Do you then try and get it back to where it was or work on with what you’ve got?

‘I work with what I’ve got. I know I’ve got to ride it – you’re in a game at that point and you’ve got to try and pull the strings because I try to make marks and each mark is like the way you play a note – you have to decide how you’re going to play it – but when you’re really on form or you’re really in it you don’t even think about the way you’re playing it, you just play. Sometimes you’re just awful and you say, “None of this works,” but then, often, you can turn a corner and, because it really doesn’t work, you’ll make a huge leap because, “Fuck it. I might as well try this and this.” You do two or three things and then suddenly you think, “There’s something in that.”
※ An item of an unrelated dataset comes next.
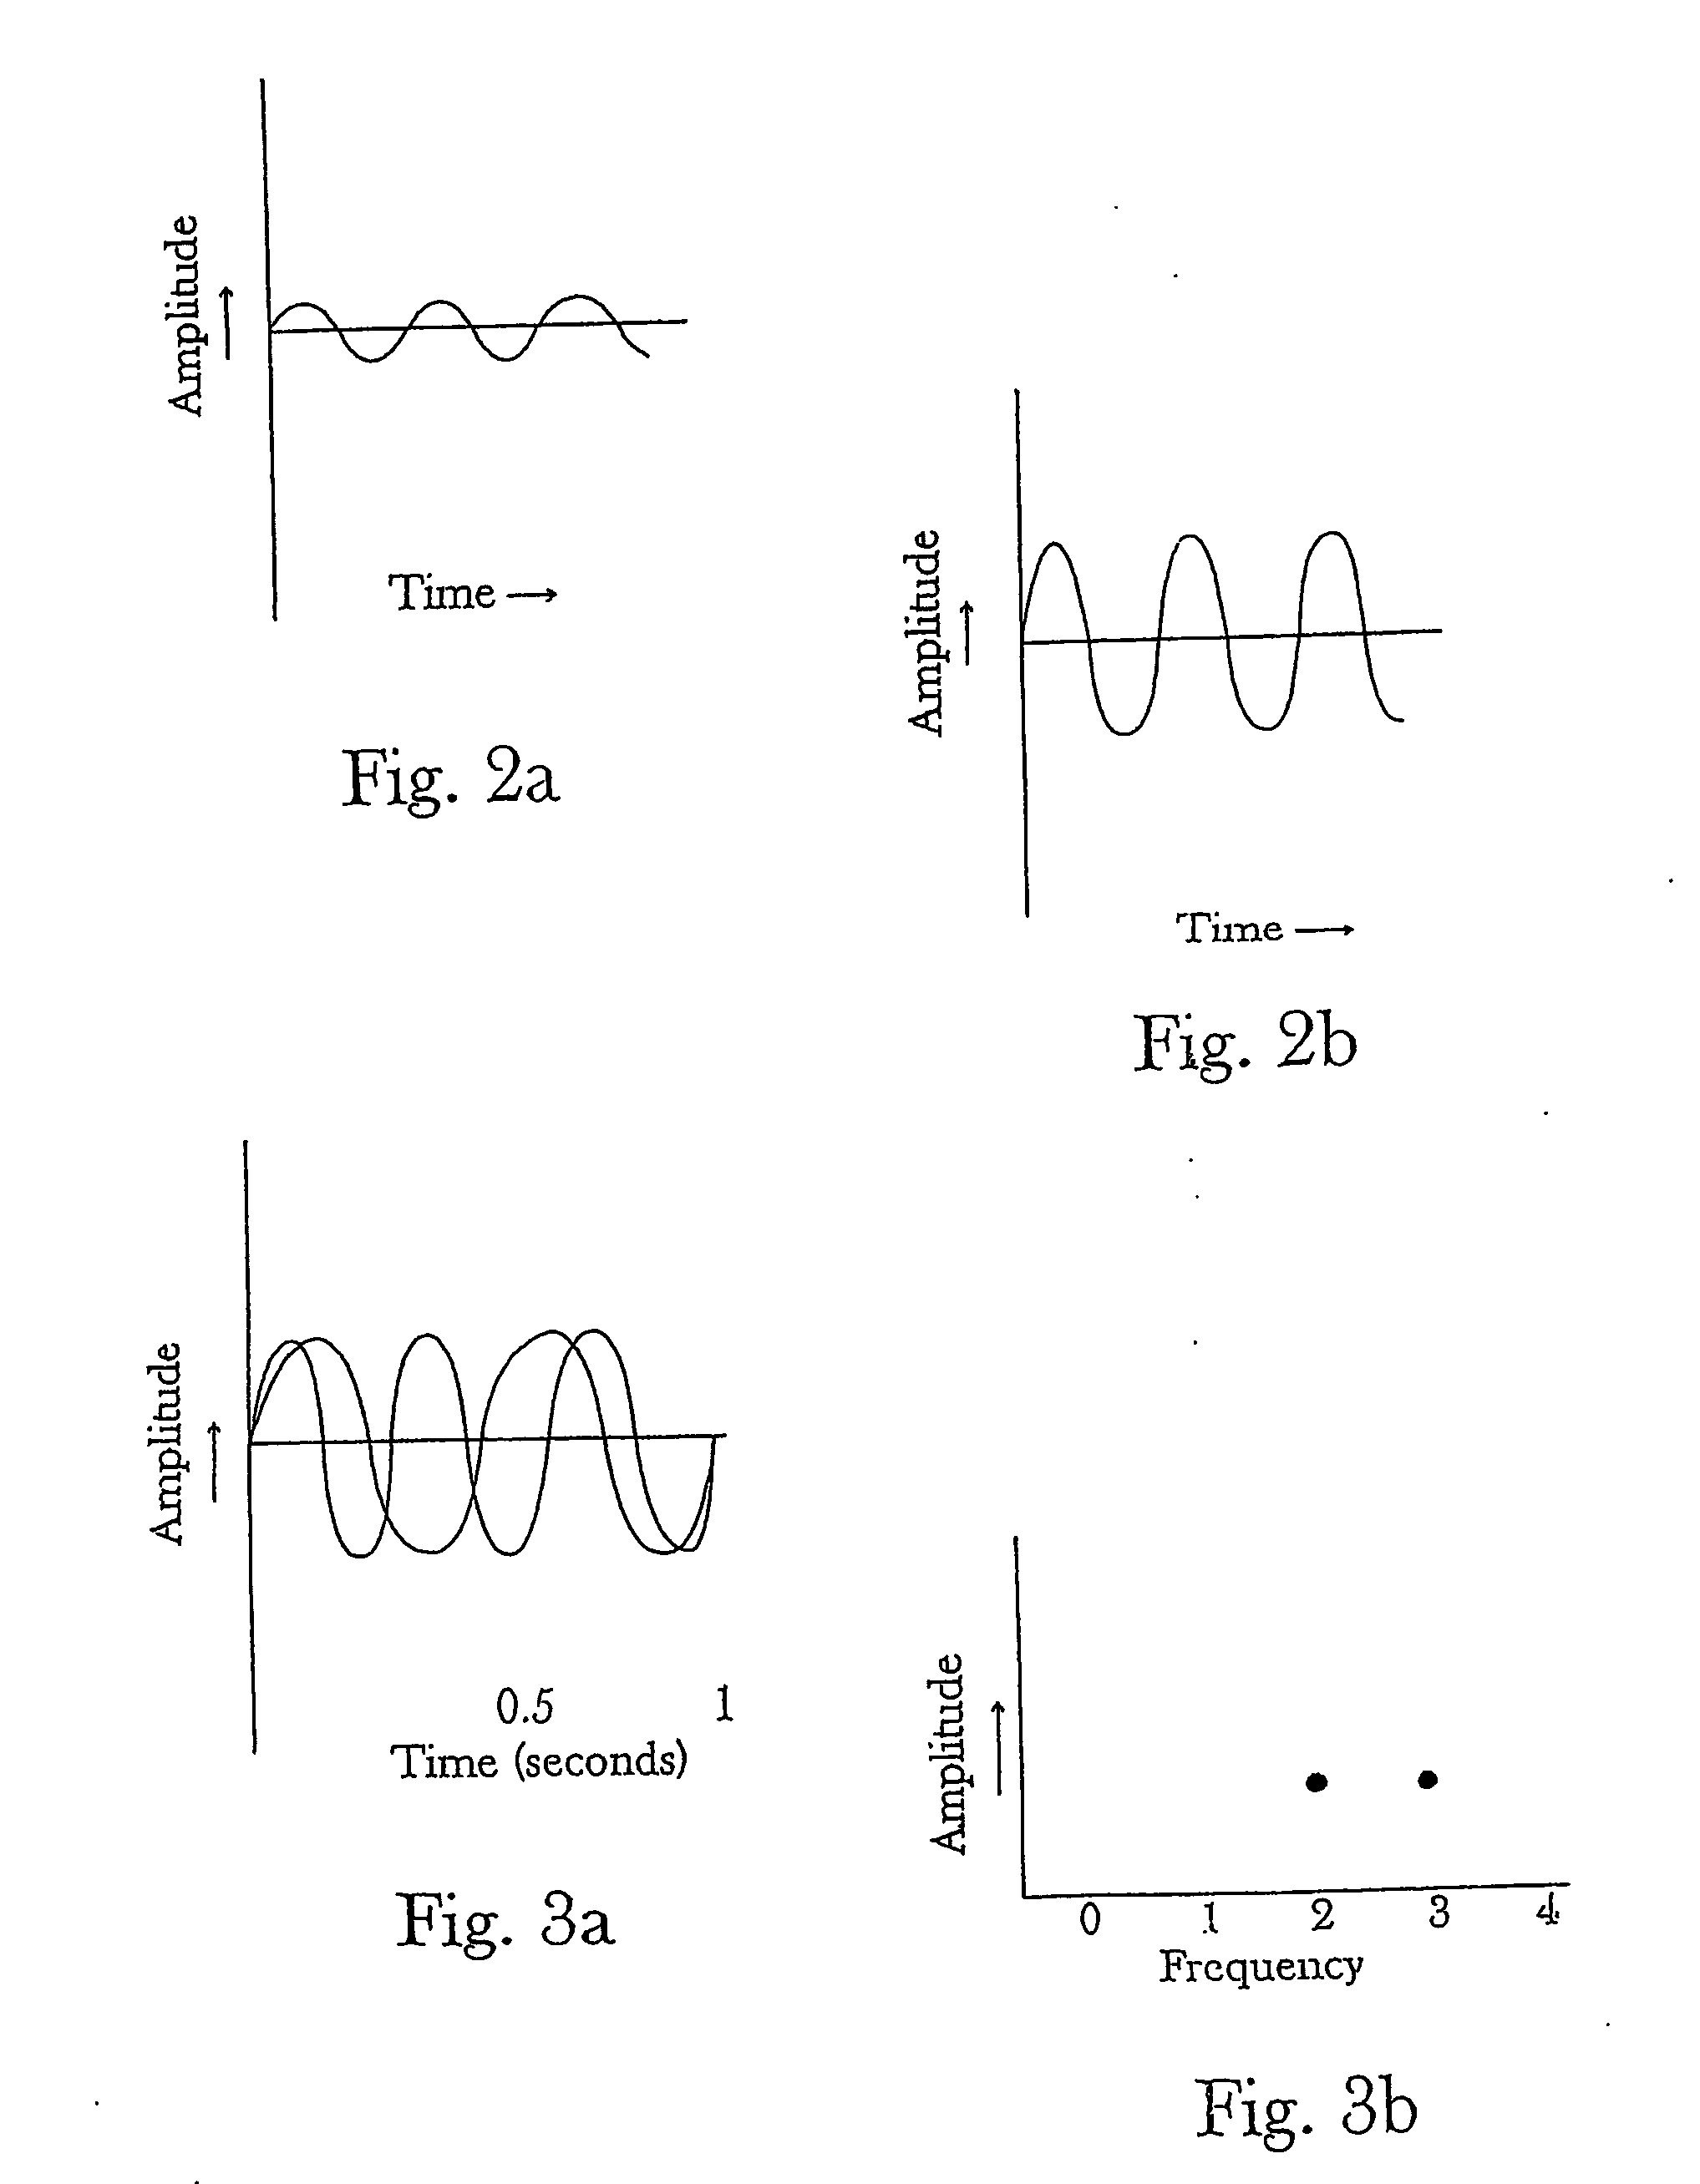 Methods for controlling crystal growth, crystallization, structures and phases in materials and systems

The mixing of the colours beforehand gives you the ability to get to that space.’

You’re grounded by that.

‘I know I’ve got a sort of safety net. If all else fails I can scrape it all down and just panel-in that tone and it will smooth that side of the neck, or whatever, but the best bits of my paintings usually come out of mistakes. A sort of desperation; it’s like driving and getting lost, not having a map and going another way and then, suddenly, you’ve got to the place you wanted to get to but you’ve gone by a different route.’

• • • • •

The ground floor of the studio consists of a single open room stretching from concertina doors at the front to multi-paned windows at the back. Jenny’s drawing studio takes up about a quarter of the floor space – a curtain of clear plastic sheet hangs down to divide this portion off and contain the warmth of two electric fan heaters which buzz and tick beside us now as we stand, surrounded on three sides by large charcoal drawings of mother and child. Inspired by Leonardo da Vinci, *each cartoon is over-drawn to depict multiple scenes, like a triple-exposed film – the figures frozen in three acts. My eyes pick up and follow a line, a leg or a hand, and then recognise the rest of the drawing to which it belongs before skipping over to another detail or action. It’s quite disorientating and in these moments the babies seem to be multi-limbed and flailing … and I realise, standing there, how quickly I’ve taken for granted how mind-blowing Jenny’s work is because I’m describing it as disorientating and hypnotic when what I should be telling you is what it’s like to stand with an artist in the space where she creates work that I imagine would delight the pillars of the Renaissance. It’s shock and awe. It’s awesome and very moving … and I don’t want to jump ahead and spoil the end but I wasn’t able to revisit Jenny after this meeting and that aspect of this chapter – it being a unique four-hour encounter – means the details are rendered rich and vivid in my mind. We got a lot done, talked and walked around before the work, peered close where the paint became a livid landscape and smelt of sour gummy turps and stood back where the apparently disparate shards and pocks of paintings focused to form these remarkable wholes. We drank tea. We spoke about Duncan Jones’s film Moon, W.G. Sebald’s De Emigrés and I told Jenny about G.K. Chesterton’s essay ‘A Defence of Skeletons’ *and then it was over and I was back out on the street and everything was prosaic by comparison for a long time afterwards, the focus and colour lost – as if I’d been drinking tea with a phoenix and now had to go back to rubbing two sticks together.